Records drawn from a dataset

------------------------------------------------

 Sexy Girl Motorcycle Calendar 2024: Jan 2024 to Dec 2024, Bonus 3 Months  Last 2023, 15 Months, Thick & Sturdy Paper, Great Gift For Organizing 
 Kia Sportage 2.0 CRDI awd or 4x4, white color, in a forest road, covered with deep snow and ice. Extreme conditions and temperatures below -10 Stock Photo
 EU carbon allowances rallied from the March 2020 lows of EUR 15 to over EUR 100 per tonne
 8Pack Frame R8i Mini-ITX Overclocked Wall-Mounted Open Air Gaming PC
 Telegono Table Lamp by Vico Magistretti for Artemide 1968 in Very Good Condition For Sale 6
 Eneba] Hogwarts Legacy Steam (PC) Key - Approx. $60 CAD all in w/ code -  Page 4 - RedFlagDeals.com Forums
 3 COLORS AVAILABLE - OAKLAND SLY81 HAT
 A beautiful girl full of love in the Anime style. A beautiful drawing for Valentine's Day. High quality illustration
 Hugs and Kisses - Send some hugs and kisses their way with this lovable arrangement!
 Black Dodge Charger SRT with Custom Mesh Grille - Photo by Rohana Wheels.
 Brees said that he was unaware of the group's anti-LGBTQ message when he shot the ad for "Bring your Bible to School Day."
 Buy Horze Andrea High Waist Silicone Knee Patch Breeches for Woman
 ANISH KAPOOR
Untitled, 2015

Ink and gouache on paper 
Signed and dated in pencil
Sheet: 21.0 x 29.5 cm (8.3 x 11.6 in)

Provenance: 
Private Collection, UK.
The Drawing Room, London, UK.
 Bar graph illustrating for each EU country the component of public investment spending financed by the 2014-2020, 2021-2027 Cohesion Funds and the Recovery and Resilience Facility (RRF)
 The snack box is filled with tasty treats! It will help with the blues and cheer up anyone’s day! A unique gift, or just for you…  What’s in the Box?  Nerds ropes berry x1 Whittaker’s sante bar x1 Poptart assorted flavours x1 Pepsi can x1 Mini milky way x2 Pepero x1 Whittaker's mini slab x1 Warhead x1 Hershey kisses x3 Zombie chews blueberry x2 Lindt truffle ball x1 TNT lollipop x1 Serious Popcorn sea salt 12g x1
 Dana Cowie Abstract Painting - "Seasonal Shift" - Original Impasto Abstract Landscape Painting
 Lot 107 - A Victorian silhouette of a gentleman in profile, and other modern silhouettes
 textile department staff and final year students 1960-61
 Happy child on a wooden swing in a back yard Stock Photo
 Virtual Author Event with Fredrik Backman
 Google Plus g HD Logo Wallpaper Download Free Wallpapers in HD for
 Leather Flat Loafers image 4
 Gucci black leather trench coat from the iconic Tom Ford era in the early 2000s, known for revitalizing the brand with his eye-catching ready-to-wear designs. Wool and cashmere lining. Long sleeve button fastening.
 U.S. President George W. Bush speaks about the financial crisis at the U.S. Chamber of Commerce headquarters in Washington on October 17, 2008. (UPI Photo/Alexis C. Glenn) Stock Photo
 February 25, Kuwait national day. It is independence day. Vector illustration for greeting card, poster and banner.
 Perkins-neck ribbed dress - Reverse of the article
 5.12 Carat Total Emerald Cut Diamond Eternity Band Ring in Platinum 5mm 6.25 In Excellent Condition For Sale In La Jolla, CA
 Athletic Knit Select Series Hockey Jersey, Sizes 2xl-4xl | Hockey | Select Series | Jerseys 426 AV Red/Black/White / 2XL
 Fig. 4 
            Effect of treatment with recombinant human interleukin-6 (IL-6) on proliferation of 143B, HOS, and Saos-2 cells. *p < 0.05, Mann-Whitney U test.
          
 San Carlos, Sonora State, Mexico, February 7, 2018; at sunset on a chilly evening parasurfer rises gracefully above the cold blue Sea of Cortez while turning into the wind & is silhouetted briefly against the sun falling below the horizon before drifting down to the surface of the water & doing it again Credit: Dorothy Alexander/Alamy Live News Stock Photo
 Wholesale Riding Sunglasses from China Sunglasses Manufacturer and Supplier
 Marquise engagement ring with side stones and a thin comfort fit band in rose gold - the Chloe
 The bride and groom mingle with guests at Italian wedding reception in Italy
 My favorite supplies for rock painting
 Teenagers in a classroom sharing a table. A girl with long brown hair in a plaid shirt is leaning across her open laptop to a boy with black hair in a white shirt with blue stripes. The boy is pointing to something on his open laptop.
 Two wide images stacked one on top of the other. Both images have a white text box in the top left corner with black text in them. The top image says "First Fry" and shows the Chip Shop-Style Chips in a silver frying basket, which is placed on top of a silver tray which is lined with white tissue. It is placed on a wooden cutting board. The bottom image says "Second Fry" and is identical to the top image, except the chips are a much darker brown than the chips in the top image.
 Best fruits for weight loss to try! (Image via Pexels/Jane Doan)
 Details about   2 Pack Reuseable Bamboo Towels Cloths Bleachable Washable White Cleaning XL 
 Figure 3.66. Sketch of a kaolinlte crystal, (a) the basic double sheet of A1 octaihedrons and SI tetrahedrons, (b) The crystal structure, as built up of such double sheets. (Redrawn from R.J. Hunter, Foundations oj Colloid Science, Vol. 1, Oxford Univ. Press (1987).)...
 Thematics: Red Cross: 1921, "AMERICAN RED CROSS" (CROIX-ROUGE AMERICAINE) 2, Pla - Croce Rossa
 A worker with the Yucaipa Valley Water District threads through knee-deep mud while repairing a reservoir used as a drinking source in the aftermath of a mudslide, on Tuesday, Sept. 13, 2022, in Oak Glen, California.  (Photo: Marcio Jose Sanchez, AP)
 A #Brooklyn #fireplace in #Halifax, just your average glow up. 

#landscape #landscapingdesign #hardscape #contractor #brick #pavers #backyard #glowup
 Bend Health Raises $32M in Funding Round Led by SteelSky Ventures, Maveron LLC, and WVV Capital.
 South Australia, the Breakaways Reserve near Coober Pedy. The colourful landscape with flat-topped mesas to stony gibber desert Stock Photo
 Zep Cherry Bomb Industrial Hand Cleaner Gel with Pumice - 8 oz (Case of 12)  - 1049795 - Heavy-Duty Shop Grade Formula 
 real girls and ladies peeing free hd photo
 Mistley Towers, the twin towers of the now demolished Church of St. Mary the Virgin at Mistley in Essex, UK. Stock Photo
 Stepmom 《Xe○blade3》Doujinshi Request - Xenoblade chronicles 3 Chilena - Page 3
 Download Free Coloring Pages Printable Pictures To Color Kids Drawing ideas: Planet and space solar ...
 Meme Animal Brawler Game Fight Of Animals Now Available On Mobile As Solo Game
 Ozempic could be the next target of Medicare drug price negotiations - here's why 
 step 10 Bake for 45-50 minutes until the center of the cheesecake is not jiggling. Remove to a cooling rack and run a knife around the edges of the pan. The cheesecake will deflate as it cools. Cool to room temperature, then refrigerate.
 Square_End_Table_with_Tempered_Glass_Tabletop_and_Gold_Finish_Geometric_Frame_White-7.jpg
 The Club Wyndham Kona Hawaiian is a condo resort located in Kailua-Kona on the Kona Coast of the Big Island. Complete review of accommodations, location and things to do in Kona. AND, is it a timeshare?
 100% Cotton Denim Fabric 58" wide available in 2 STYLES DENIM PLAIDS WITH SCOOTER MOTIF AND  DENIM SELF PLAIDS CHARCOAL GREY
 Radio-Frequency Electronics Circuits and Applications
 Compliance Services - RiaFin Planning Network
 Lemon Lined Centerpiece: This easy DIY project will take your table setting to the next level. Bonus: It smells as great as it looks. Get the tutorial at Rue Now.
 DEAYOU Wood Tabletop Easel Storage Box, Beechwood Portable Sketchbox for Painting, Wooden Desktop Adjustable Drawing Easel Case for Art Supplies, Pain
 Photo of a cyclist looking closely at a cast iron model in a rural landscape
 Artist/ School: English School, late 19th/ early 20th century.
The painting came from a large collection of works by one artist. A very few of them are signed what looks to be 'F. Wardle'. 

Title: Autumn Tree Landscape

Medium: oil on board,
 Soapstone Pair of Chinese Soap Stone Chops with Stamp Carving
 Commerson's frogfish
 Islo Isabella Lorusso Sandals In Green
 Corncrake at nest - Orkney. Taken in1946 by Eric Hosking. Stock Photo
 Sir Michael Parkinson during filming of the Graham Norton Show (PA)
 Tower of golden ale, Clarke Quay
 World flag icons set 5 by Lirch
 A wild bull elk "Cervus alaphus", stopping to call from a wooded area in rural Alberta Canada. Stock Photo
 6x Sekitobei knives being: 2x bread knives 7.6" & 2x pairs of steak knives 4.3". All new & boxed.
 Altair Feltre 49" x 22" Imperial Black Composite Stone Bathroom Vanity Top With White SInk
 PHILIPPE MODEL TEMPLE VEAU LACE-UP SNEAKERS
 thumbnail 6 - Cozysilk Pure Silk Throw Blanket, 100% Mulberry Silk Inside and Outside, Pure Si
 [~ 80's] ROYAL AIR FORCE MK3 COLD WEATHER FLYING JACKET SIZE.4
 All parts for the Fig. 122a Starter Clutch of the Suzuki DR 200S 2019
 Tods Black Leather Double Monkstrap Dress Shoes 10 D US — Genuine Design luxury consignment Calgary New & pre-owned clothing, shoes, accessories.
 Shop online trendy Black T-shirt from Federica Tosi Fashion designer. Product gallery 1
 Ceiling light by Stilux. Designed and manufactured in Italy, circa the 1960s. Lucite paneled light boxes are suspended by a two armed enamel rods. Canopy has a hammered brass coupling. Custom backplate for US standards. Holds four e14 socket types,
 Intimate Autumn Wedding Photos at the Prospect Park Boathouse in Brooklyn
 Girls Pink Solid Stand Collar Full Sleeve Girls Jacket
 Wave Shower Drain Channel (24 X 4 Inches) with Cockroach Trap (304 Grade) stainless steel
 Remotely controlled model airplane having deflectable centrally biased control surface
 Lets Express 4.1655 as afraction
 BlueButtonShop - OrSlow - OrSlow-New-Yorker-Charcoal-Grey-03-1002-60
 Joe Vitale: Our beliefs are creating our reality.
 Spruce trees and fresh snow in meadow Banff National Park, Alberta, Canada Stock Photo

------------------------------------------------

DIRECTIONS FOR THIS TASK: Will you return exactly the lines above from the one with "real girls and ladies peeing free hd photo" down to the one with "Compliance Services - RiaFin", counting both as part of the range?

EXERCISE ANSWER:
 real girls and ladies peeing free hd photo
 Mistley Towers, the twin towers of the now demolished Church of St. Mary the Virgin at Mistley in Essex, UK. Stock Photo
 Stepmom 《Xe○blade3》Doujinshi Request - Xenoblade chronicles 3 Chilena - Page 3
 Download Free Coloring Pages Printable Pictures To Color Kids Drawing ideas: Planet and space solar ...
 Meme Animal Brawler Game Fight Of Animals Now Available On Mobile As Solo Game
 Ozempic could be the next target of Medicare drug price negotiations - here's why 
 step 10 Bake for 45-50 minutes until the center of the cheesecake is not jiggling. Remove to a cooling rack and run a knife around the edges of the pan. The cheesecake will deflate as it cools. Cool to room temperature, then refrigerate.
 Square_End_Table_with_Tempered_Glass_Tabletop_and_Gold_Finish_Geometric_Frame_White-7.jpg
 The Club Wyndham Kona Hawaiian is a condo resort located in Kailua-Kona on the Kona Coast of the Big Island. Complete review of accommodations, location and things to do in Kona. AND, is it a timeshare?
 100% Cotton Denim Fabric 58" wide available in 2 STYLES DENIM PLAIDS WITH SCOOTER MOTIF AND  DENIM SELF PLAIDS CHARCOAL GREY
 Radio-Frequency Electronics Circuits and Applications
 Compliance Services - RiaFin Planning Network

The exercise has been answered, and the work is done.